FusionNet notably extends traditional attention mechanisms through three pivotal contributions:

  1. History-of-Word (HoW): FusionNet defines a comprehensive structure for attention by characterizing the "history of word." This concept encapsulates information from the lowest word-level embeddings to the highest semantic-level representations. The approach dynamically retains and utilizes multi-layered textual information, allowing for deeper understanding and contextual reasoning.
  2. Enhanced Attention Scoring Function: The paper identifies a scoring function that affords broader use of the history-of-word concept. The proposed symmetric form with incorporated nonlinearity facilitates rich interaction between historical contextual representations, optimizing the learning and attention-scaling process.
  3. Fully-Aware Multi-Level Fusion: FusionNet employs a multi-level attention mechanism that incrementally comprehends text by accessing all semantic levels from word embeddings to comprehensive representations. This multi-layered attention ensures both the question and passage (or context) are concurrently and thoroughly explored layer by layer.

Empirical Validation

The authors demonstrate the effectiveness of FusionNet through its application on the Stanford Question Answering Dataset (SQuAD), achieving leading results in both single and ensemble model categories. Egging first on the official leaderboard, FusionNet achieves EM and F1 scores of 78.8% and 85.9%, respectively. When challenged across adversarial datasets, FusionNet further sets new benchmarks, raising best F1 scores from 46.6% to 51.4% on AddSent and from 56.0% to 60.7% on AddOneSent.

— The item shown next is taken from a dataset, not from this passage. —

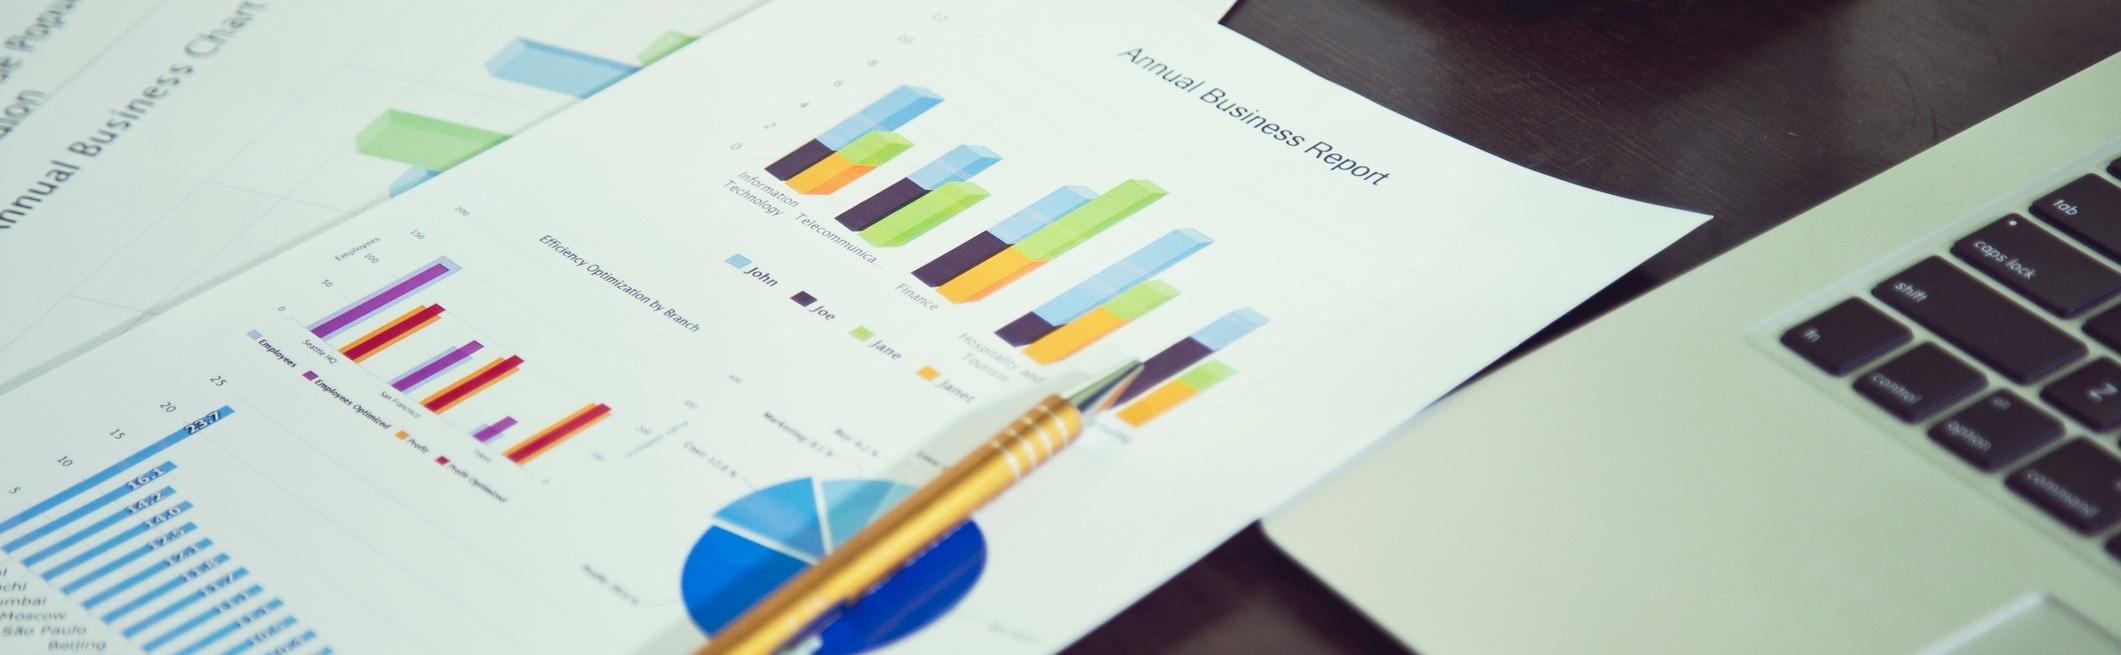 Data Analysis and Reporting -
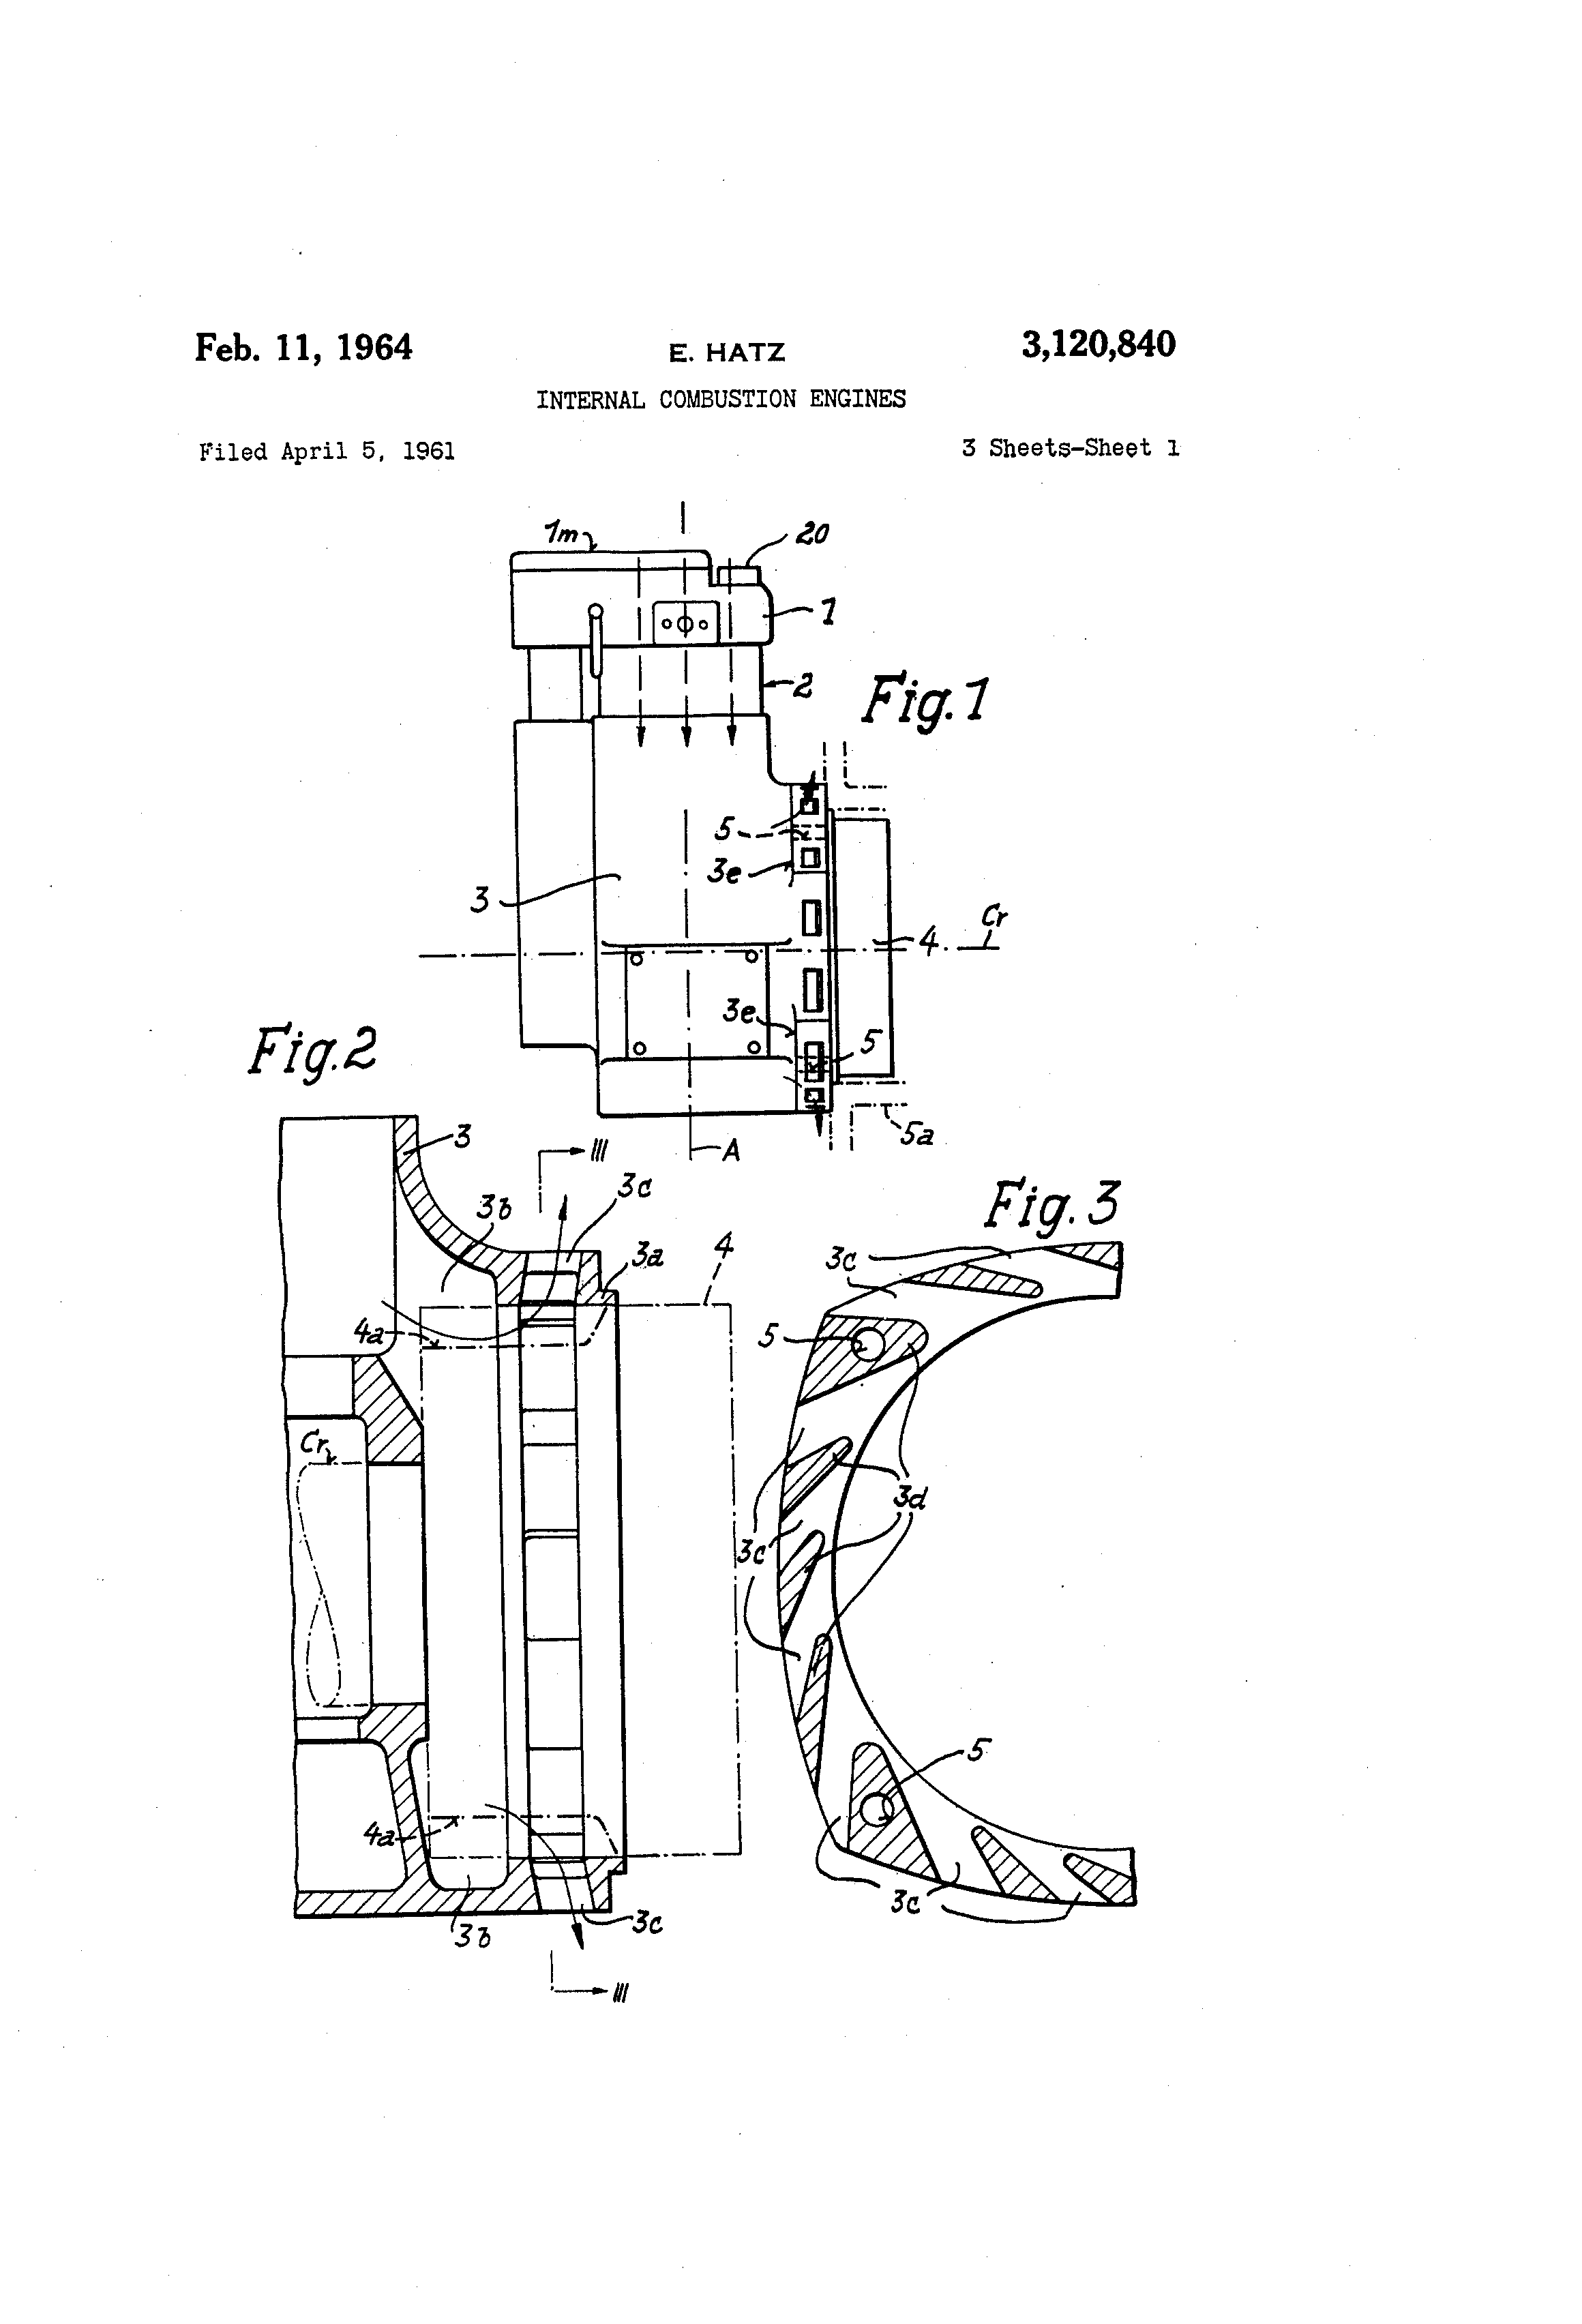 Brevet Us3120840 Internal Combustion Engines Google Brevets Hatz Engine Diagram Patent Drawing

Implications and Future Prospects

FusionNet's capacity to integrate all semantic levels of contextual information promisingly enhances the machine's comprehension, inference, and reasoning abilities—cornerstones of artificial intelligence development. The theoretical implications underline the utility of full contextual comprehension, predicting salutary trends for NLP applications beyond current baselines.

Given these advancements, FusionNet's architecture provides a scalable and generalizable framework adaptable to various domains within NLP. Future research prospects could explore applying FusionNet to broader tasks such as sentiment analysis, dialog systems, and beyond, potentially redefining standards for machine-driven comprehension.

Conclusion

In sum, FusionNet introduces significant progress within NLP-oriented attention mechanisms by embracing deeper contextual prowess and leveraging the comprehensive history-of-word model. This layered fusion process not only optimizes answer retrieval within the machine comprehension task but also heralds a new paradigm in neural attention frameworks. FusionNet's contributions exemplify the continued evolution of machine learning architectures, positing profound implications for both practical applications and theoretical advancements in AI.